→ **TO DO**: Write out word for word each line from the one containing "A pair of incredible" through the close of the listing, including both ends. Pictures do not belong in the copy.

→ **DATASET CONTENT**:
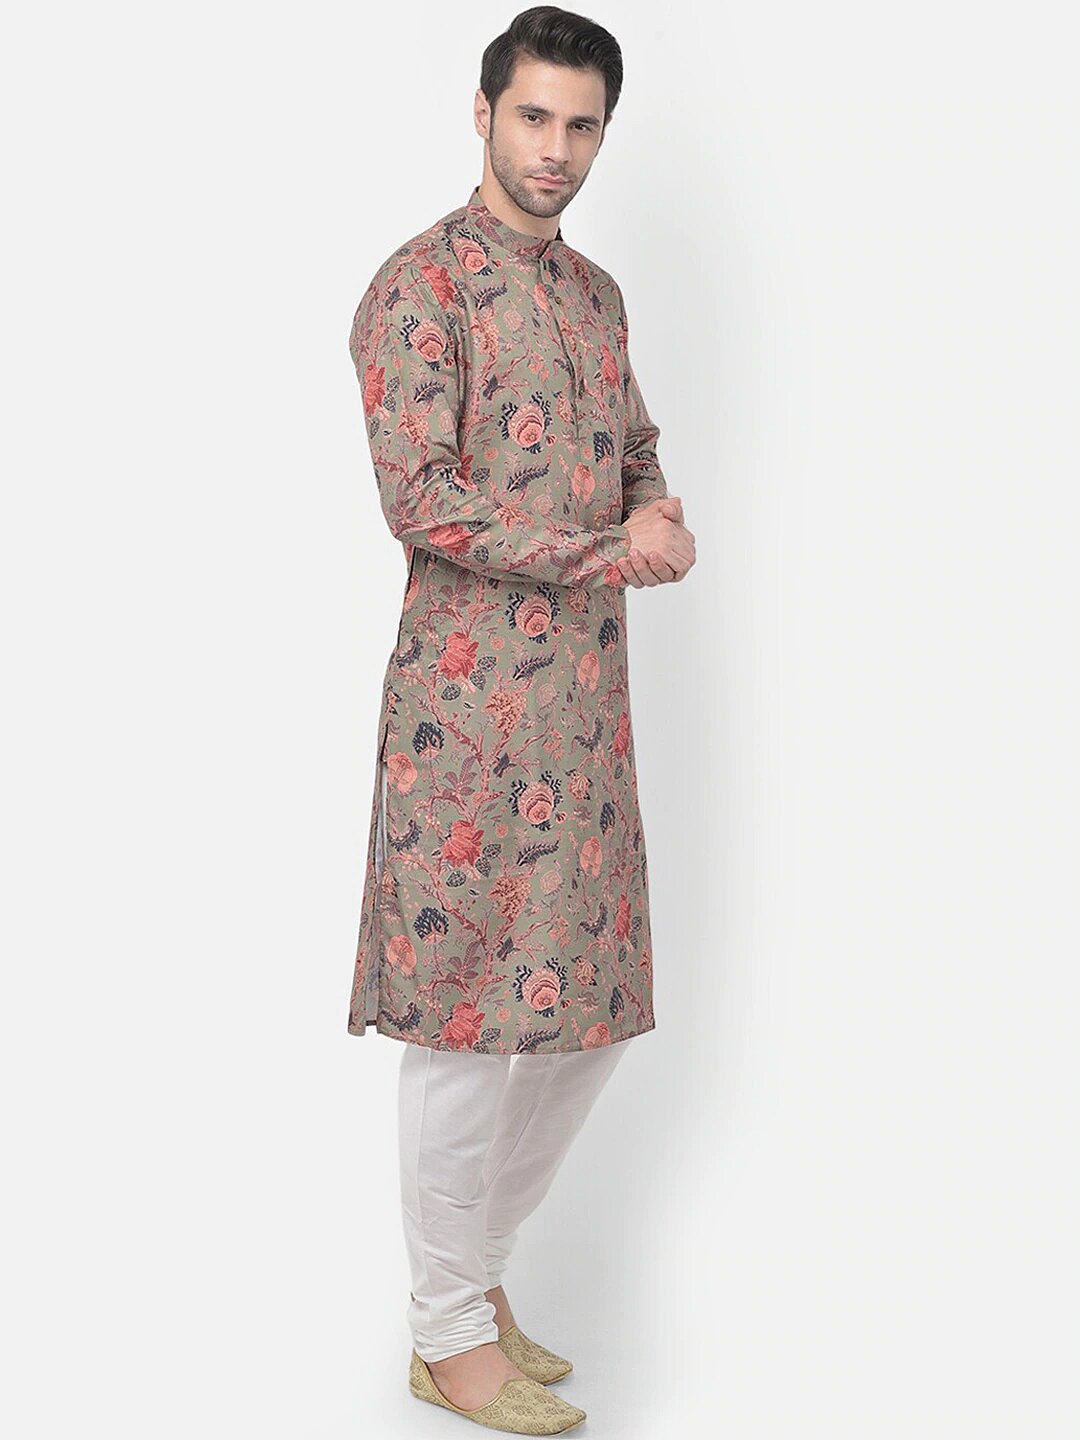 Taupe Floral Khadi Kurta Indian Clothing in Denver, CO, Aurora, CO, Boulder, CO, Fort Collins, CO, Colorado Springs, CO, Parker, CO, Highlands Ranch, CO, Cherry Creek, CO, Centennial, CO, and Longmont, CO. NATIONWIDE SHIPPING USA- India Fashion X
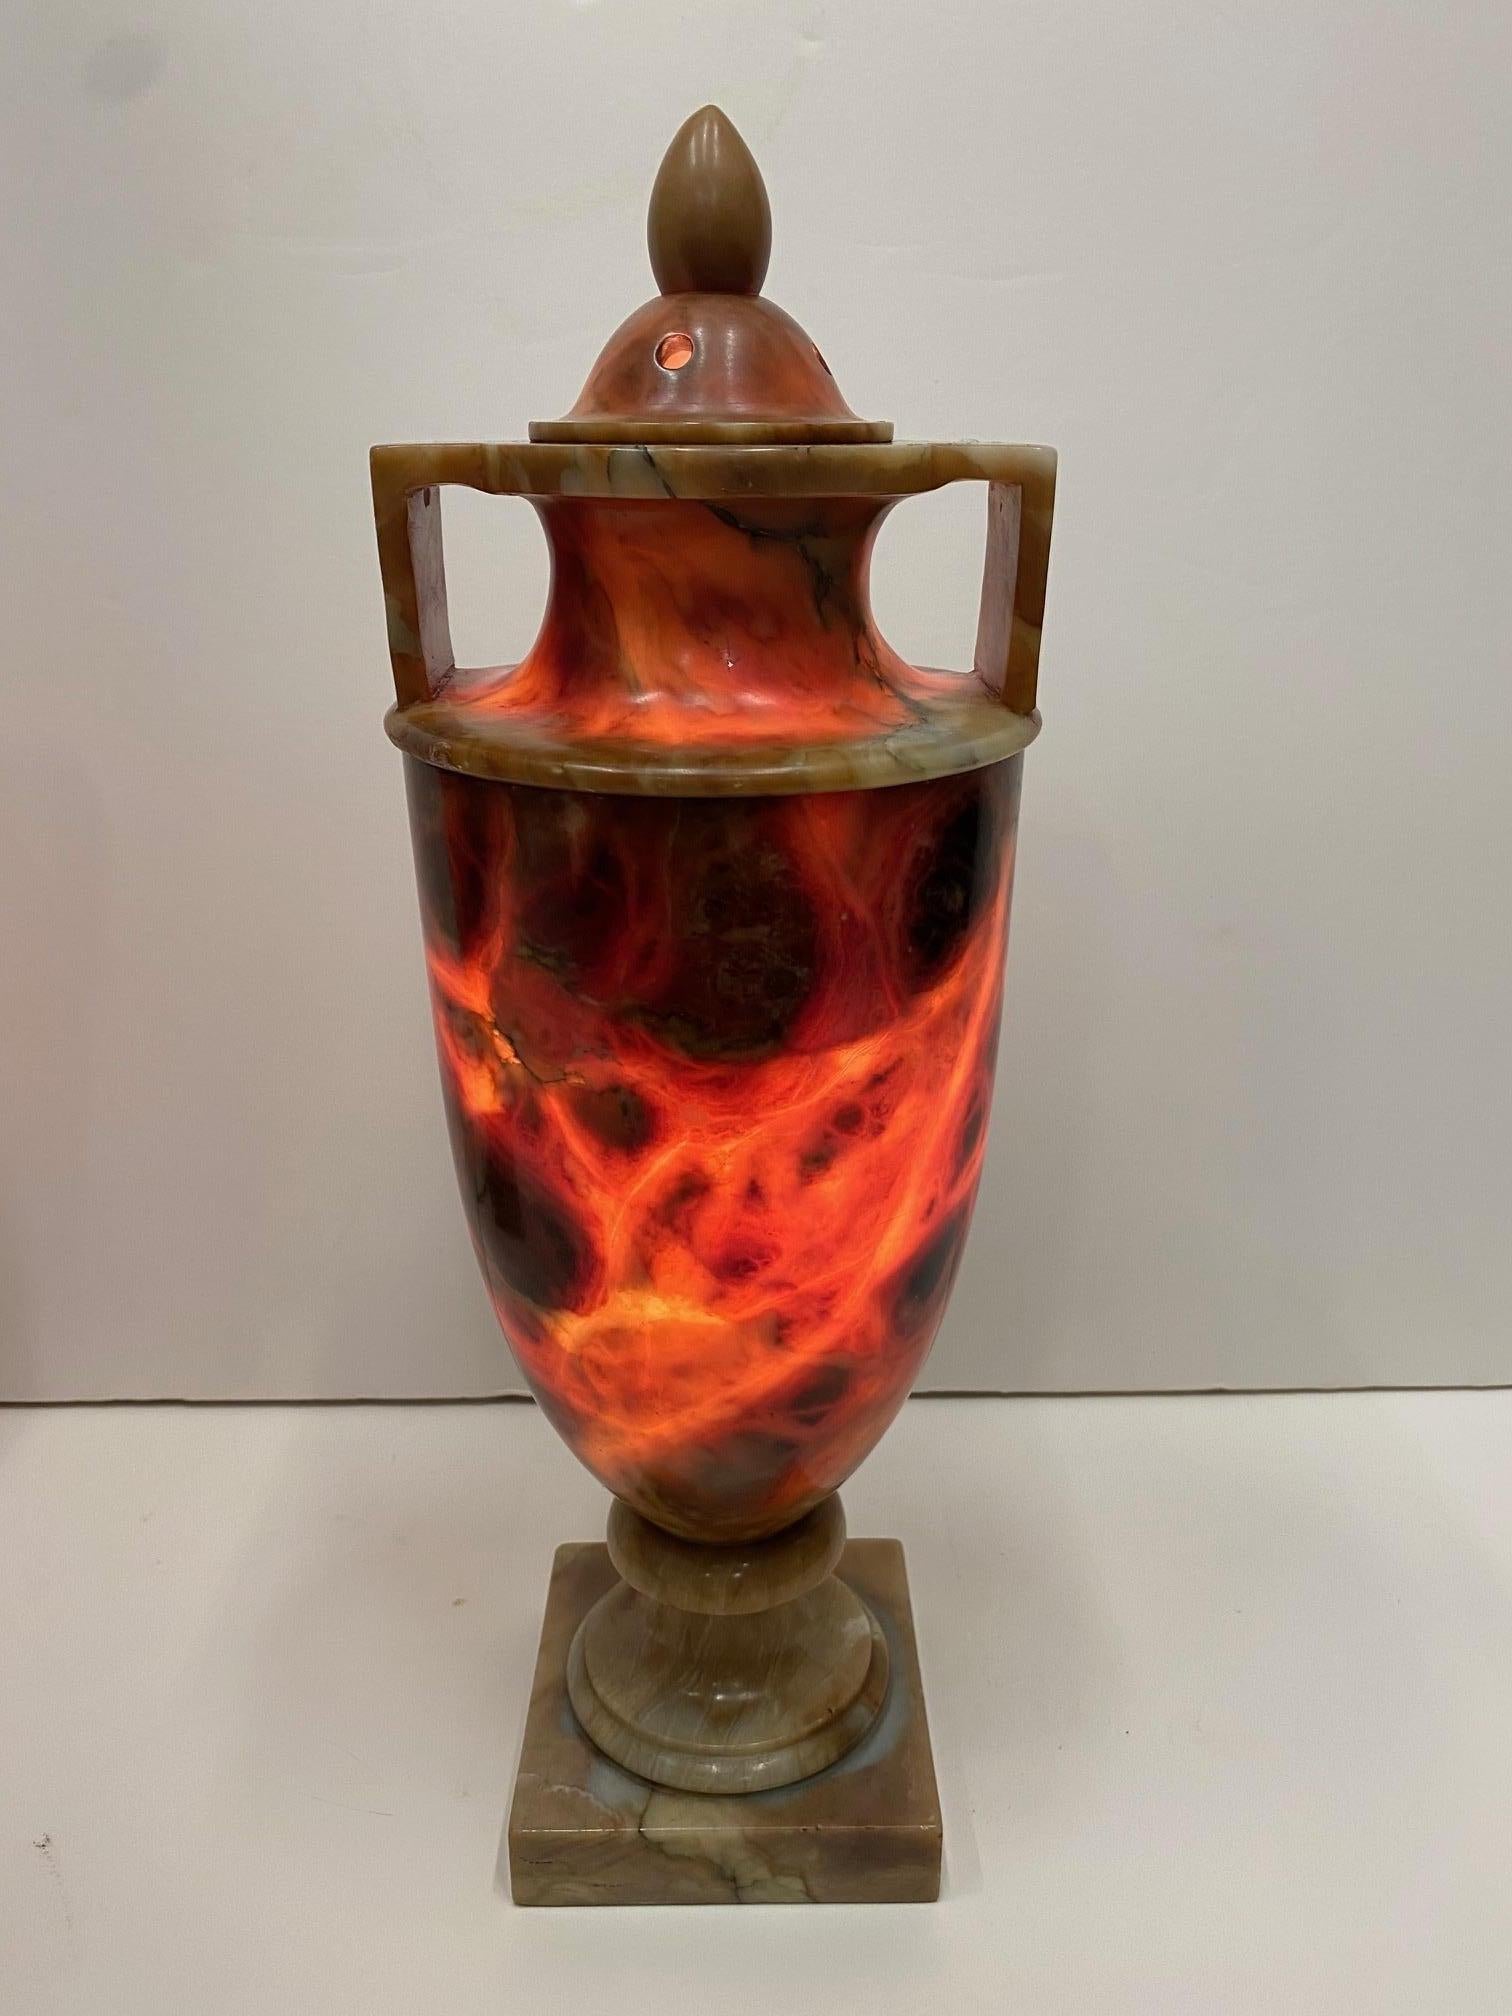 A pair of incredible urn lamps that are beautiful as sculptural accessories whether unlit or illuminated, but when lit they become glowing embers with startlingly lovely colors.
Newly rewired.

→ **EXERCISE ANSWER**:
 A pair of incredible urn lamps that are beautiful as sculptural accessories whether unlit or illuminated, but when lit they become glowing embers with startlingly lovely colors.
Newly rewired.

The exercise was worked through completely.